**Assignment:** Copy the data exactly from the line that contains "Burgerstein sun Online-Shop" through the line that contains "Full Size of", keeping both end lines and leaving out everything else.

**Input material:**
==*==
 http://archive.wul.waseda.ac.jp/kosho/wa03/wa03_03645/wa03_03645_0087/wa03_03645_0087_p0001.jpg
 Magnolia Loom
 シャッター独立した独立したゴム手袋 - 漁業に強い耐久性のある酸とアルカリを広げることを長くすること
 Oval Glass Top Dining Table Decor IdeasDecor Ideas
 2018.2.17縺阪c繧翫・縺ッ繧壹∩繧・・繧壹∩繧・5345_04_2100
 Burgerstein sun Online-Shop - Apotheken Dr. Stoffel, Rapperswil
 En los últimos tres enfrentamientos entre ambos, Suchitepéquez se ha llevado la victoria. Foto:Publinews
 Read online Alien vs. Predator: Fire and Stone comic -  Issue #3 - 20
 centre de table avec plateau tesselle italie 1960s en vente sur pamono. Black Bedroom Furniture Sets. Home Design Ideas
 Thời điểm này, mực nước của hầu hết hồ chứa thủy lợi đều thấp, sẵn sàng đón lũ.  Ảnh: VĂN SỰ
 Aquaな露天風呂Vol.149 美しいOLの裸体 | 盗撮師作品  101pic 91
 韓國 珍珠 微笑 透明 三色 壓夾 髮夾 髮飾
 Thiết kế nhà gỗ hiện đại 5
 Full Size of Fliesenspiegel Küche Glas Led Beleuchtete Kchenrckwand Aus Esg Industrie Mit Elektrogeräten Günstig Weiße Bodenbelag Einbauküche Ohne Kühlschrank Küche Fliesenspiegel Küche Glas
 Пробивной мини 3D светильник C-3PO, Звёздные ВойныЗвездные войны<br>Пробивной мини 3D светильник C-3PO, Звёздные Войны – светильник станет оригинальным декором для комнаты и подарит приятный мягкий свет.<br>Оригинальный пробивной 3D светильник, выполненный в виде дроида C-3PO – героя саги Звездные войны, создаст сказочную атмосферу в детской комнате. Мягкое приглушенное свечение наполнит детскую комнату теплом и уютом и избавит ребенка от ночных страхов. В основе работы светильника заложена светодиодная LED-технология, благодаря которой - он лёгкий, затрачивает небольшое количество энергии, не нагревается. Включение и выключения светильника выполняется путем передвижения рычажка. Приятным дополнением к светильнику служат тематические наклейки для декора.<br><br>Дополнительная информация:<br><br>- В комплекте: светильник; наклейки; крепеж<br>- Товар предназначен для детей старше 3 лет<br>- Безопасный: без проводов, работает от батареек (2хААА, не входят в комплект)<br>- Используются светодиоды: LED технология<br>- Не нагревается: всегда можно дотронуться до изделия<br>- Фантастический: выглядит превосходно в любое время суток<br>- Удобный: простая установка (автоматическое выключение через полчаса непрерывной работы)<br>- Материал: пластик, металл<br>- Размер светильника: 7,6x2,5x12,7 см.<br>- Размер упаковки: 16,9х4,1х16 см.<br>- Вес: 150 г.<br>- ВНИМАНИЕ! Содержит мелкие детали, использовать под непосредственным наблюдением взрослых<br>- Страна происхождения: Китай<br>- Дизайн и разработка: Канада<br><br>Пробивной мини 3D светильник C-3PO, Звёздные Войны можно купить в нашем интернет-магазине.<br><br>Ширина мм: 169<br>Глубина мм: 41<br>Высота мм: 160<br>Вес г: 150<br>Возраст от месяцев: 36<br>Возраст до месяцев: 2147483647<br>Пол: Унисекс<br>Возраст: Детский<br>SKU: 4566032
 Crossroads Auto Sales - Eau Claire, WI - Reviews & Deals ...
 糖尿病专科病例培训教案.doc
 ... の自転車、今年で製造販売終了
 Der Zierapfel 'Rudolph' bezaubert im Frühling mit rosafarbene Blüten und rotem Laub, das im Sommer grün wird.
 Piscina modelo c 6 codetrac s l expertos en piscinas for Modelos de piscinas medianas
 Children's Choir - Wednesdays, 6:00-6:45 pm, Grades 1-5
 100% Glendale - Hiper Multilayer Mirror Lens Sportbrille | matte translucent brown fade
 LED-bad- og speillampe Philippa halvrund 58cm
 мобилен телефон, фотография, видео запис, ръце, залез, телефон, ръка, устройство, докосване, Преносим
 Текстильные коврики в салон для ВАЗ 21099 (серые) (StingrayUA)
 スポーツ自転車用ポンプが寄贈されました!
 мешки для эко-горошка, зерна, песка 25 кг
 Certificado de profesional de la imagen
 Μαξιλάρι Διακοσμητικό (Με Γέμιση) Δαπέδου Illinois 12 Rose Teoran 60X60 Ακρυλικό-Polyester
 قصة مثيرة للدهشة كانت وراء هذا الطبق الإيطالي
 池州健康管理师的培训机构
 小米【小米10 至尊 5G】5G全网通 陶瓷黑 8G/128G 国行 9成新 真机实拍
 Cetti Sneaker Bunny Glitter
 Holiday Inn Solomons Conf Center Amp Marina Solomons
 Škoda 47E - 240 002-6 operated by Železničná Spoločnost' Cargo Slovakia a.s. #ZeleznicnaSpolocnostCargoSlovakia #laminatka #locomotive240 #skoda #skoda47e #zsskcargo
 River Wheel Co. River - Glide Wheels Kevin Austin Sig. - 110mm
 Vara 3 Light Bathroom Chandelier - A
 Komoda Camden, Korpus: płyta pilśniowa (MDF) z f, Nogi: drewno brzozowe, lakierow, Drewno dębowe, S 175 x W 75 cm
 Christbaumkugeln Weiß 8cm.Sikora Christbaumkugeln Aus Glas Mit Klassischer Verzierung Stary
==*==
**Answer to this problem:**
 Burgerstein sun Online-Shop - Apotheken Dr. Stoffel, Rapperswil
 En los últimos tres enfrentamientos entre ambos, Suchitepéquez se ha llevado la victoria. Foto:Publinews
 Read online Alien vs. Predator: Fire and Stone comic -  Issue #3 - 20
 centre de table avec plateau tesselle italie 1960s en vente sur pamono. Black Bedroom Furniture Sets. Home Design Ideas
 Thời điểm này, mực nước của hầu hết hồ chứa thủy lợi đều thấp, sẵn sàng đón lũ.  Ảnh: VĂN SỰ
 Aquaな露天風呂Vol.149 美しいOLの裸体 | 盗撮師作品  101pic 91
 韓國 珍珠 微笑 透明 三色 壓夾 髮夾 髮飾
 Thiết kế nhà gỗ hiện đại 5
 Full Size of Fliesenspiegel Küche Glas Led Beleuchtete Kchenrckwand Aus Esg Industrie Mit Elektrogeräten Günstig Weiße Bodenbelag Einbauküche Ohne Kühlschrank Küche Fliesenspiegel Küche Glas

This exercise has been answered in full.